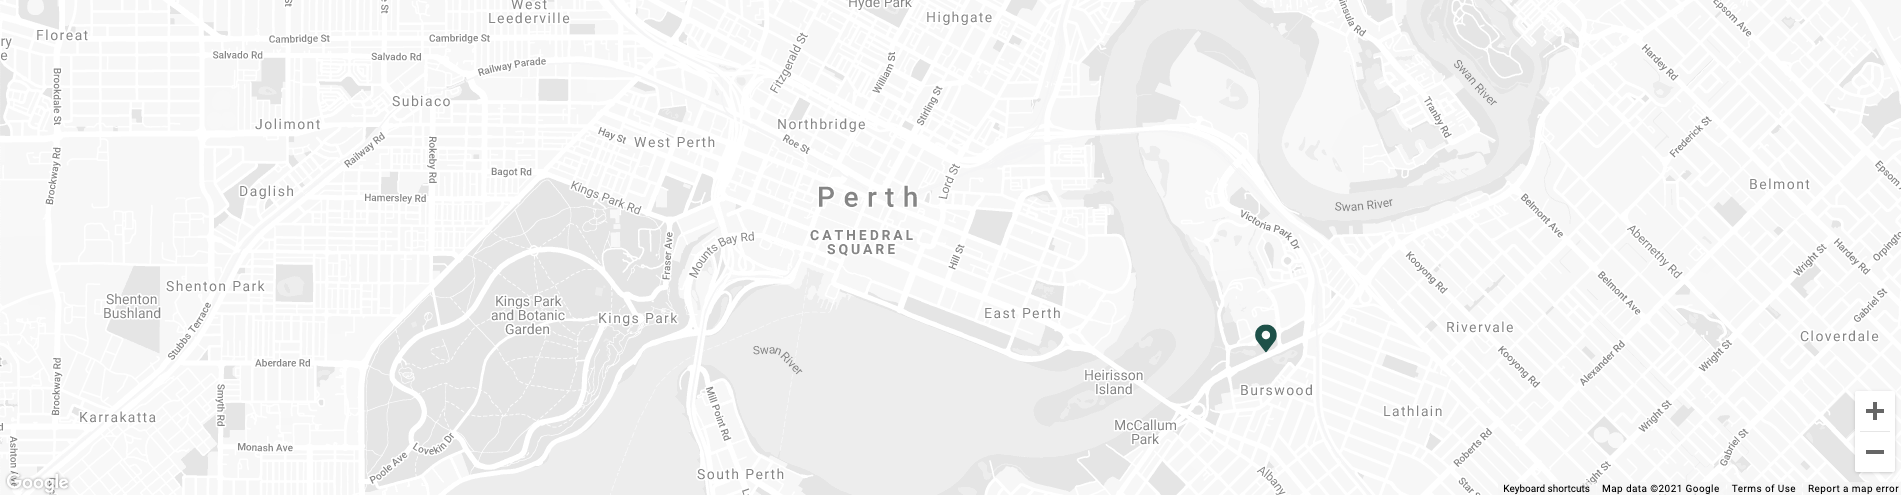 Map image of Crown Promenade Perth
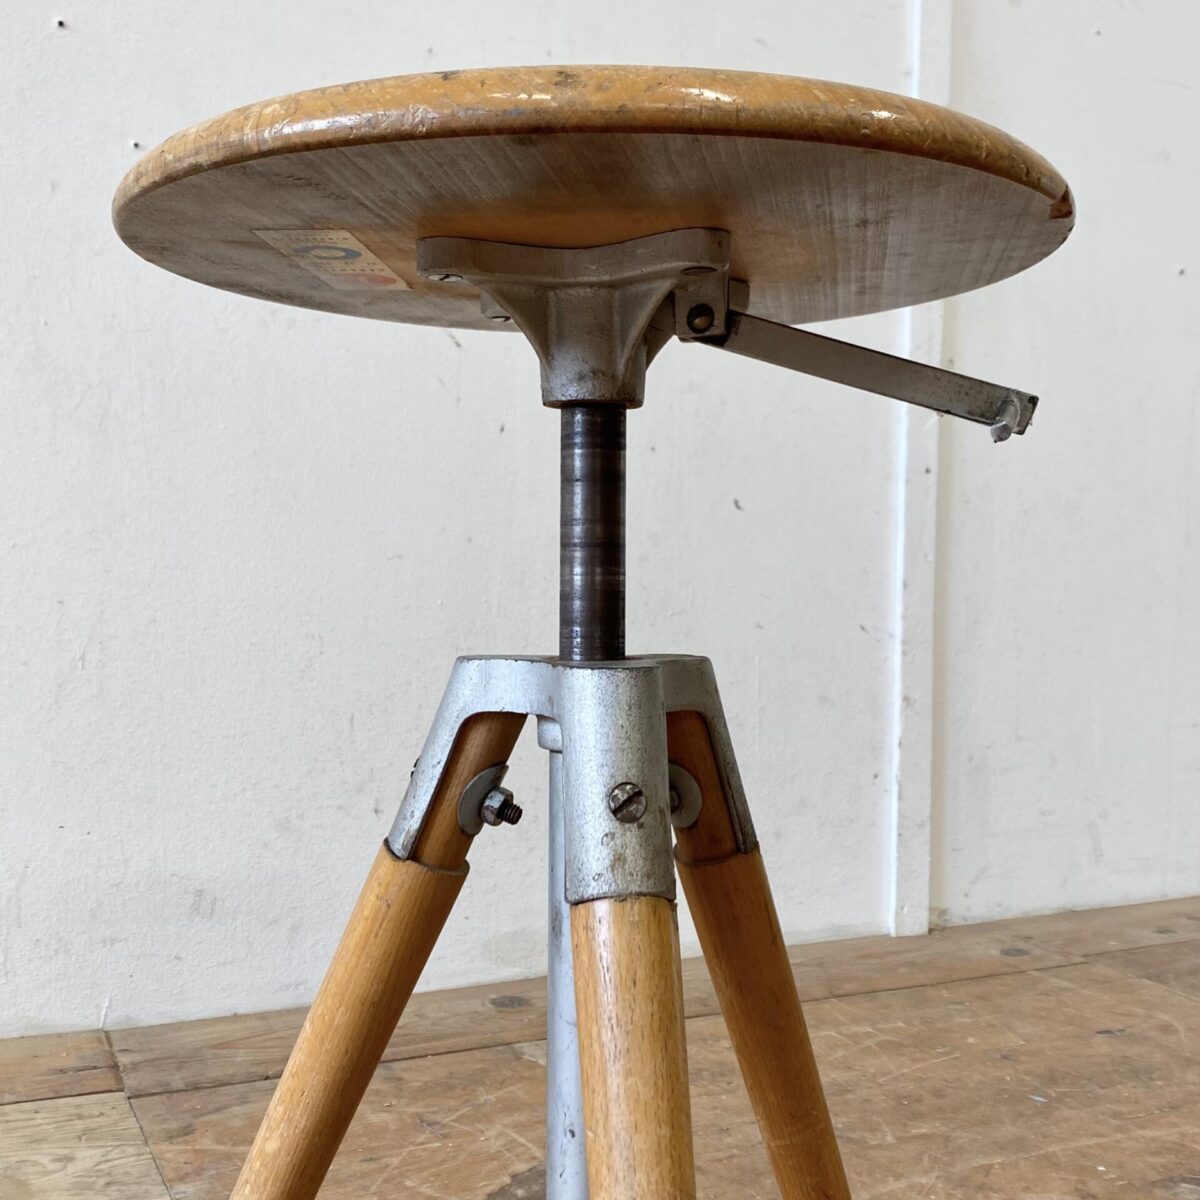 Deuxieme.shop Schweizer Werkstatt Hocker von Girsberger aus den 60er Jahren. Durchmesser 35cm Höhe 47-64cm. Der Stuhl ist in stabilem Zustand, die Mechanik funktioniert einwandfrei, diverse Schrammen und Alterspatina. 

---------------

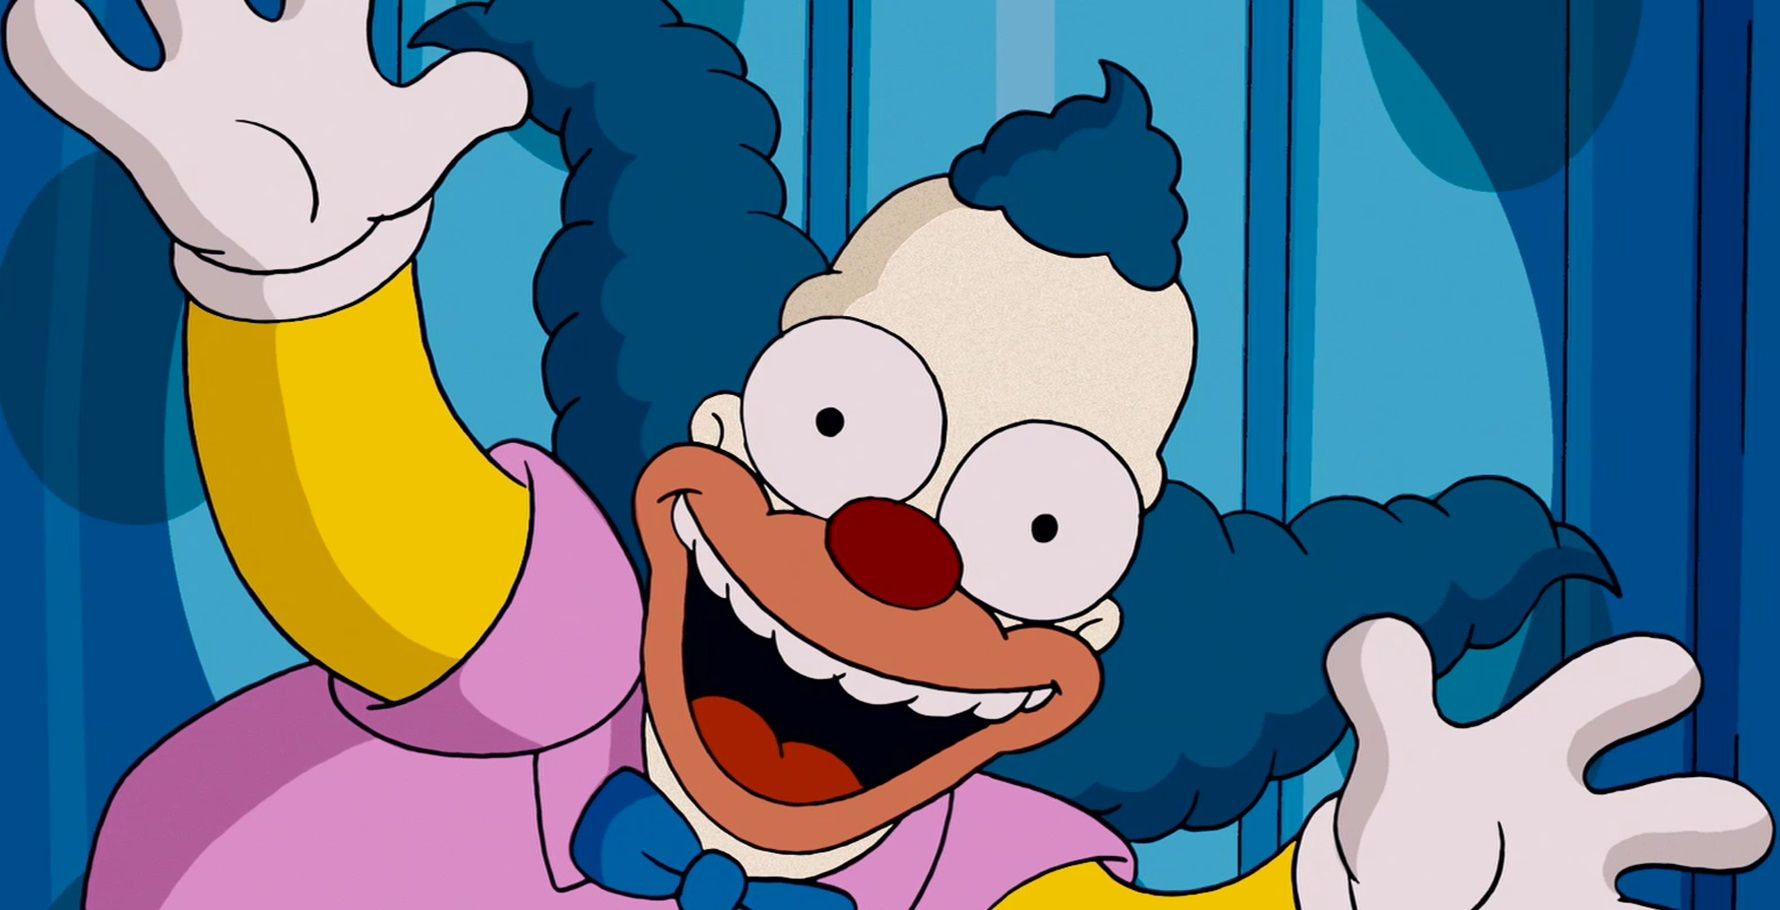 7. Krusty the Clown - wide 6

---------------

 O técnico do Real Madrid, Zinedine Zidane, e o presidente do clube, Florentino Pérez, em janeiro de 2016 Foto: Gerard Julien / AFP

---------------

▸ Your task: Starting at the line above that holds "Map image of Crown Promenade Perth", return each line up to and including the one that holds "Deuxieme.shop Schweizer Werkstatt", exactly as written, minus any pictures.

▸ Your solution:
 Map image of Crown Promenade Perth
 Deuxieme.shop Schweizer Werkstatt Hocker von Girsberger aus den 60er Jahren. Durchmesser 35cm Höhe 47-64cm. Der Stuhl ist in stabilem Zustand, die Mechanik funktioniert einwandfrei, diverse Schrammen und Alterspatina. 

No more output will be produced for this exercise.